--- START ---

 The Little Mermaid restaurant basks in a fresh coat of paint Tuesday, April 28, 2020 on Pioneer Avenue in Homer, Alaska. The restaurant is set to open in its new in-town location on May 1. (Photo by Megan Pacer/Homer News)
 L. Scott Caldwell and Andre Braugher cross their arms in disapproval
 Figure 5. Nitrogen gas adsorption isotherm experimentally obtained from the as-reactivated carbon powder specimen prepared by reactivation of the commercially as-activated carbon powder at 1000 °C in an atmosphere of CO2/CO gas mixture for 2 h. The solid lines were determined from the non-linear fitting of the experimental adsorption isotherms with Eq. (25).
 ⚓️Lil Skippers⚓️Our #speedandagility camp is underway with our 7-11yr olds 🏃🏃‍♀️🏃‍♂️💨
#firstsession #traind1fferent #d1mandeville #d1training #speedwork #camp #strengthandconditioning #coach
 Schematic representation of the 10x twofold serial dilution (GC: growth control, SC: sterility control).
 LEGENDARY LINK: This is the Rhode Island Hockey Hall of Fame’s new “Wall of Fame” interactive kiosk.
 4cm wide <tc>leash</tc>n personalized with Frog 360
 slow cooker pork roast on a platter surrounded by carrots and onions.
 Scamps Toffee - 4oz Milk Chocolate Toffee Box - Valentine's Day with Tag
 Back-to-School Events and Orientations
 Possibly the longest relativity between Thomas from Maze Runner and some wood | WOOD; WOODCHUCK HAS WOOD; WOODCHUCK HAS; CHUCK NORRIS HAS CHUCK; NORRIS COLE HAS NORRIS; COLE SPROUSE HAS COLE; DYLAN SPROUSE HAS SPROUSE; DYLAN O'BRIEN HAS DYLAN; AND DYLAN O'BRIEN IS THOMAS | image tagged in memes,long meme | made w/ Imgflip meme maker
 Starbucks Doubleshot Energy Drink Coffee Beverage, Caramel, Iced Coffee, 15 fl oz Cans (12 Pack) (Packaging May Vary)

--- END ---

Brief — Please write out, exactly as they appear, the line that contains "#firstsession #traind1fferent #d1mandeville" and every line after it up to the end of the entries above, and no others.

Answer space —
#firstsession #traind1fferent #d1mandeville #d1training #speedwork #camp #strengthandconditioning #coach
 Schematic representation of the 10x twofold serial dilution (GC: growth control, SC: sterility control).
 LEGENDARY LINK: This is the Rhode Island Hockey Hall of Fame’s new “Wall of Fame” interactive kiosk.
 4cm wide <tc>leash</tc>n personalized with Frog 360
 slow cooker pork roast on a platter surrounded by carrots and onions.
 Scamps Toffee - 4oz Milk Chocolate Toffee Box - Valentine's Day with Tag
 Back-to-School Events and Orientations
 Possibly the longest relativity between Thomas from Maze Runner and some wood | WOOD; WOODCHUCK HAS WOOD; WOODCHUCK HAS; CHUCK NORRIS HAS CHUCK; NORRIS COLE HAS NORRIS; COLE SPROUSE HAS COLE; DYLAN SPROUSE HAS SPROUSE; DYLAN O'BRIEN HAS DYLAN; AND DYLAN O'BRIEN IS THOMAS | image tagged in memes,long meme | made w/ Imgflip meme maker
 Starbucks Doubleshot Energy Drink Coffee Beverage, Caramel, Iced Coffee, 15 fl oz Cans (12 Pack) (Packaging May Vary)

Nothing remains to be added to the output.